FOR EACH ISSUE FOUND:
- Explain the issue (why is it a problem?)
- Severity (critical, high, medium, low)
- Suggest a fix
ALSO:
- Highlight anything that’s done well
- Suggest one major refactoring that would improve the code
### Code Review Example
LANGUAGE: Python FOCUS: Security and performance
CONTEXT: This is a Flask API endpoint that processes user uploads. It needs to be secure and handle files up to 100MB efficiently.
CODE:
from flask import Flask, request
@app.route('/upload', methods=['POST'])
def upload_file():
file = request.files['file']
filename = request.form.get('filename')
# Save the file with user-provided name
filepath = f'/uploads/{filename}'
file.save(filepath)
# Read and process the file
with open(filepath, 'r') as f:
content = f.read()
# Extract JSON
import json
data = json.loads(content)
# Save to database without validation
db.execute(f"INSERT INTO files VALUES ('{filename}', '{data}')")

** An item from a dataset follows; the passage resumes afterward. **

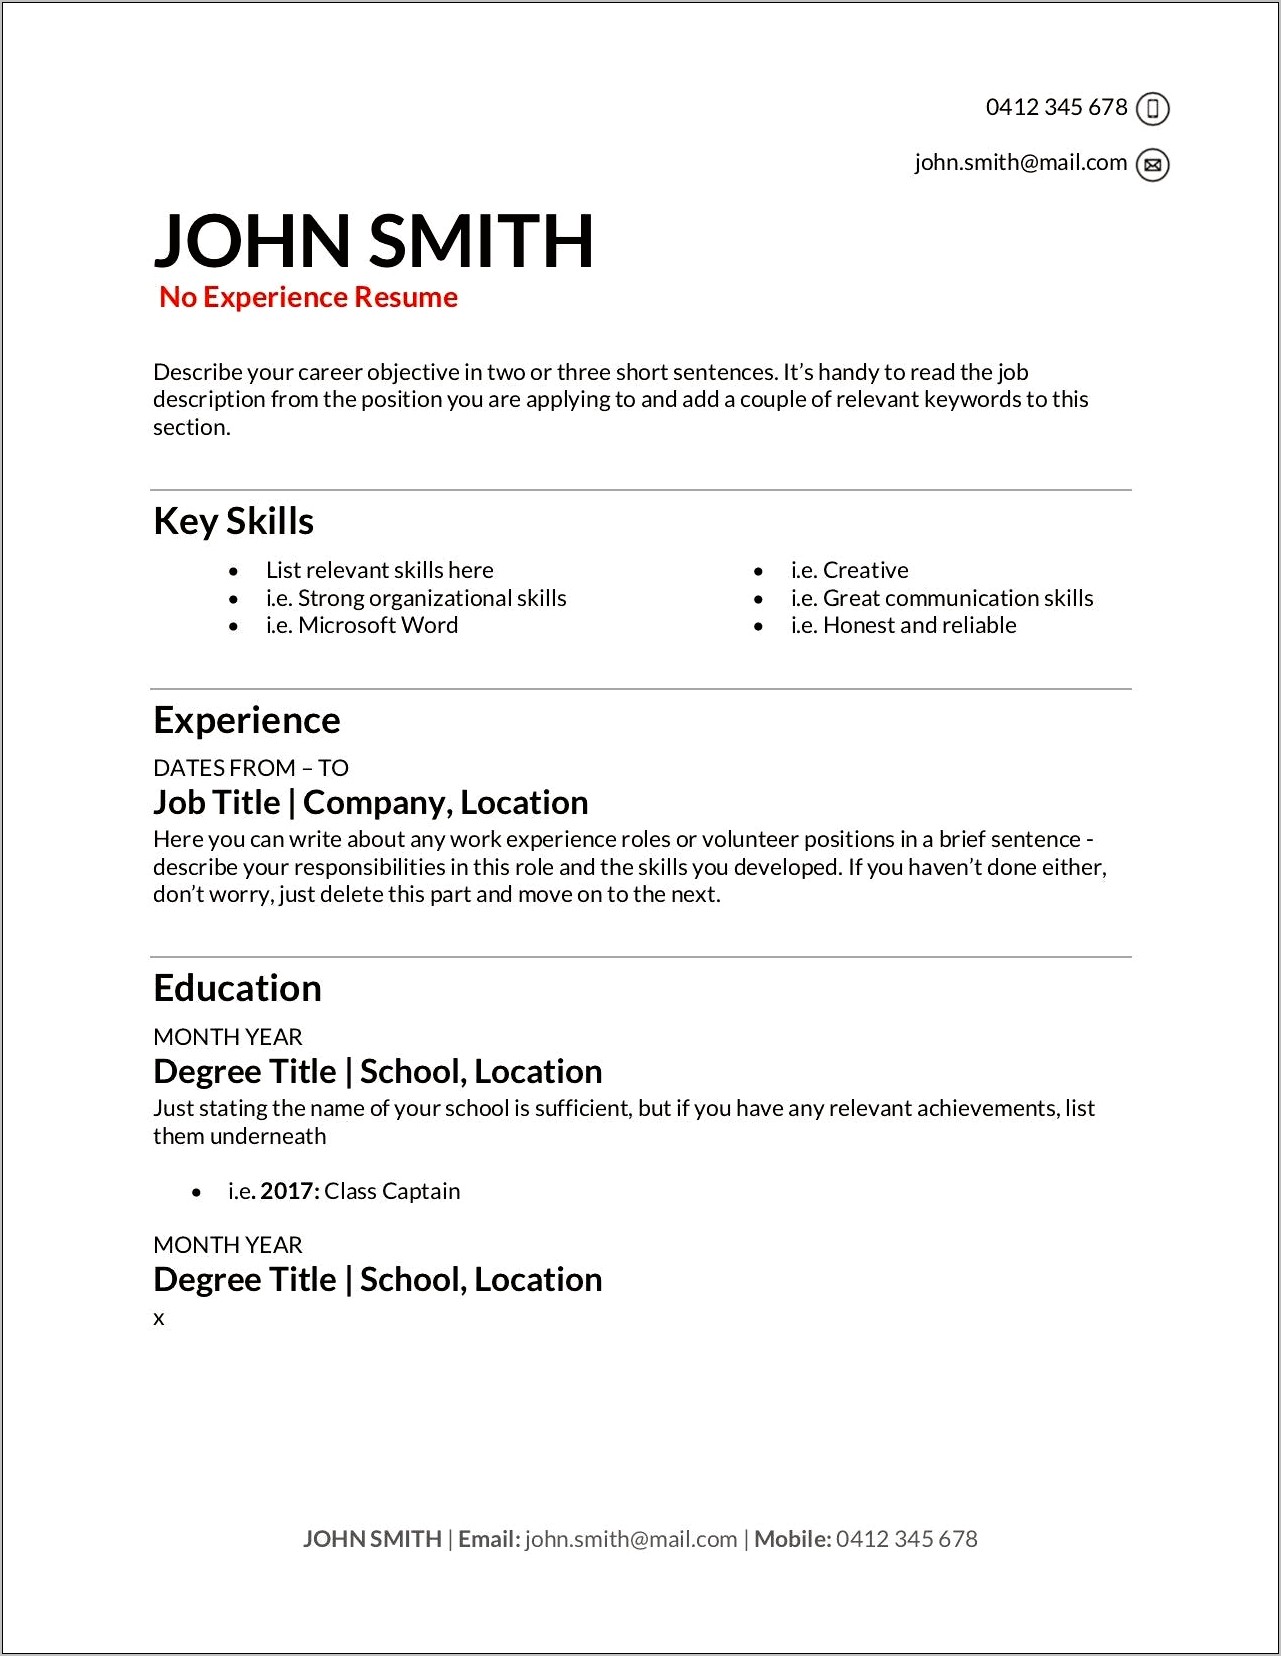 Resume Accomplishments For Someone With No Work Experience

return {'status': 'success'}
REVIEW: [Model will identify multiple security issues]
## Refactoring Prompts: Clean Code Principles
Ask the model to improve code quality while preserving functionality.
### Refactoring Prompt
TASK: Refactor this code for readability and maintainability
GOALS:
- [Make it more readable]
- [Reduce duplication]
- [Apply design patterns]
- [Improve naming]
CONSTRAINTS:
- Preserve existing functionality
- Keep performance similar or better
- Don’t change the API (input/output)
CODE:
[Paste code]
STYLE GUIDE: [Any specific patterns or style preferences?]
INCLUDE:
- Refactored code
- Brief explanation of changes
- Before/after comparison highlighting improvements
## Key Takeaway
> Code generation prompts need to specify language, task, requirements, and constraints. Include tests with generated code. Debugging prompts require error messages, code, and expected behavior. Code review prompts guide analysis of security, performance, and style. Refactoring prompts should preserve functionality while improving quality.

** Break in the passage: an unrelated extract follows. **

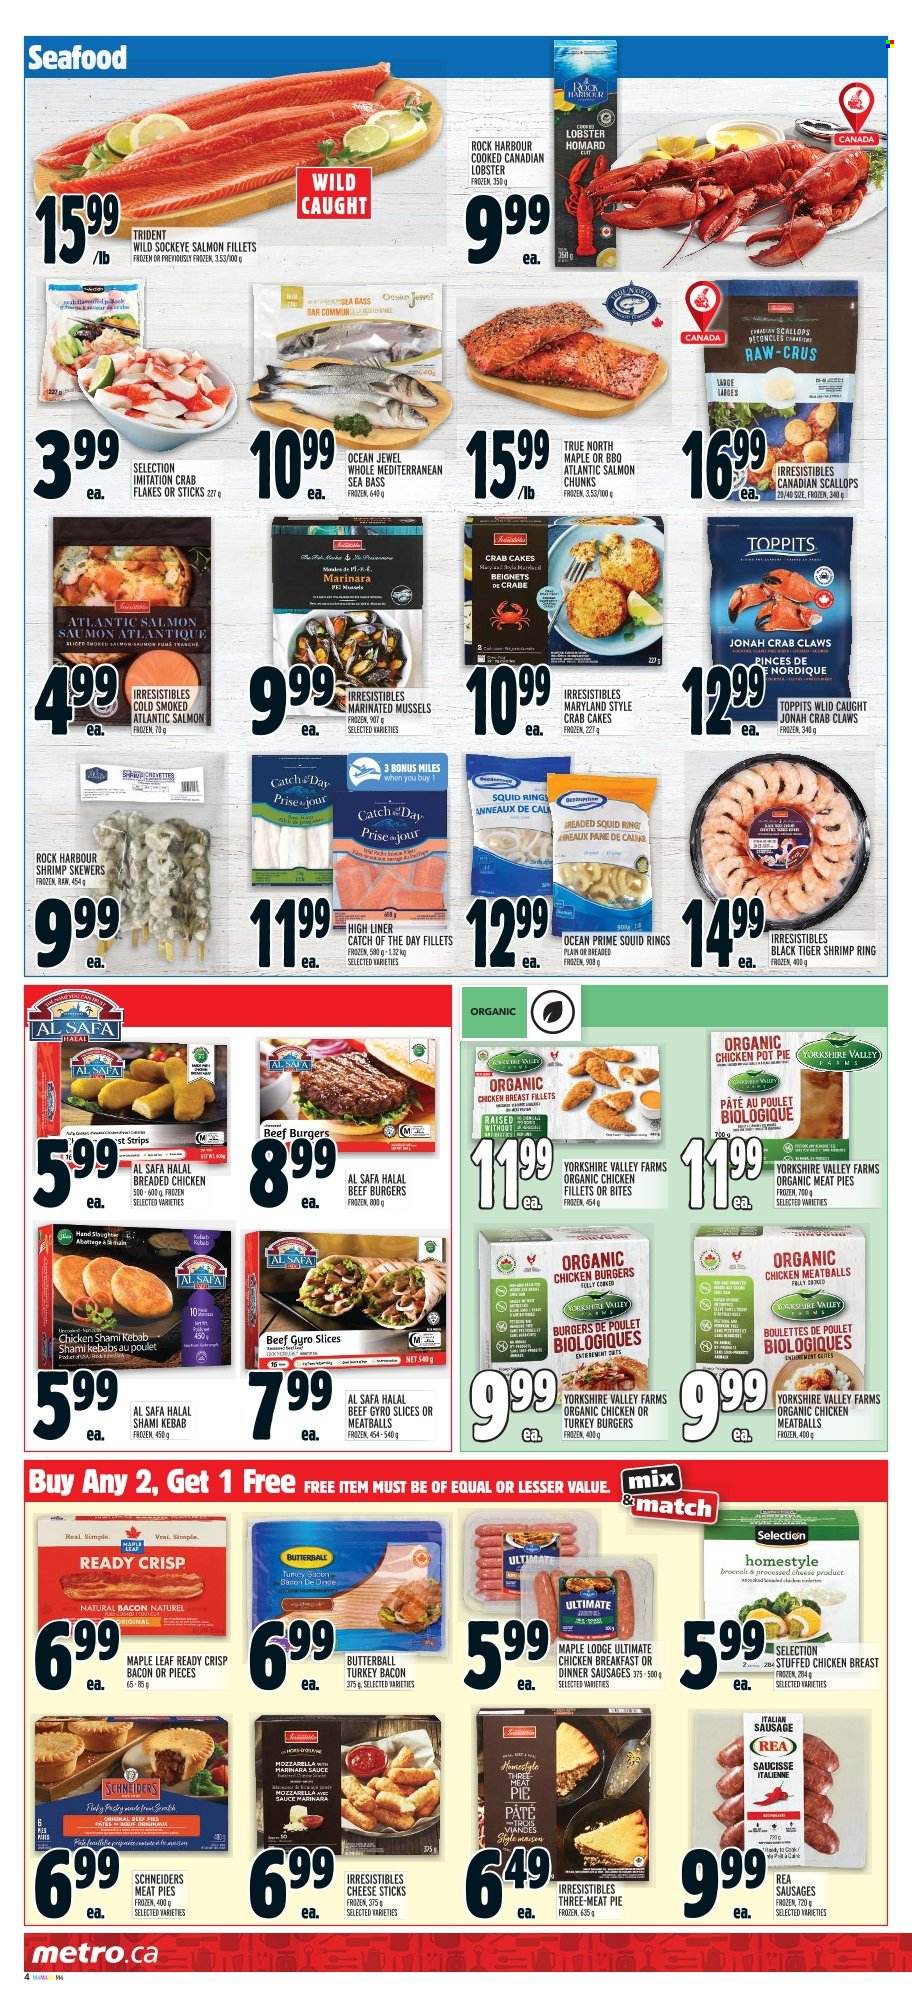 thumbnail - Metro Flyer - February 02, 2023 - February 08, 2023 - Sales products - pie, pot pie, lobster, mussels, salmon, salmon fillet, scallops, sea bass, squid, seafood, fish, shrimps, squid rings, crab cake, meatballs, hamburger, sauce, fried chicken, beef burger, stuffed chicken, bacon, Butterball, turkey bacon, sausage, cheese, strips, cheese sticks, Trident, Cerés, chicken, turkey burger, pot. Page 5.

## Exercise: Generate, Test, and Debug a Function Using Prompts
Your task is to go through the complete cycle: generate code, test it, find bugs, fix them.
### The Scenario
You need a function that parses a CSV-like string into structured data.
### Your Task
Create three prompts for each phase:
#### Phase 1: Generate Code + Tests
Write a prompt that asks for:
- A Python function to parse CSV strings
- Specifications: [you decide the requirements]
- Unit tests
- Include edge cases
**Requirements to Include:**
- Handle quoted fields (with commas inside)
- Handle headers
- Return as list of dicts
- Handle missing values
#### Phase 2: Review the Code
Write a code review prompt that checks:
- Does it handle edge cases?
- Is it efficient?
- Is the code readable?
- Are there bugs?
#### Phase 3: Debug (Create a Failing Scenario)
Design a test case that the generated code might fail on:
- Complex CSV with quoted fields and commas
- Empty fields
- Headers with special characters
Write a debugging prompt that:
- Shows the buggy code
- Describes the failure
- Provides the error message
- Asks the model to fix it
### Deliverable
For each phase, provide:
1. **The Prompt**: Full text
2. **Expected Output**: What you hope to get
3. **Quality Criteria**: How you'd judge if the output was good
### Bonus Challenge
Imagine the model generates code. Show how you would:
1. Create a test that breaks the generated code
2. Write a debugging prompt to fix it
3. Verify the fix works
This simulates the real development cycle: generate → test → break → fix → verify.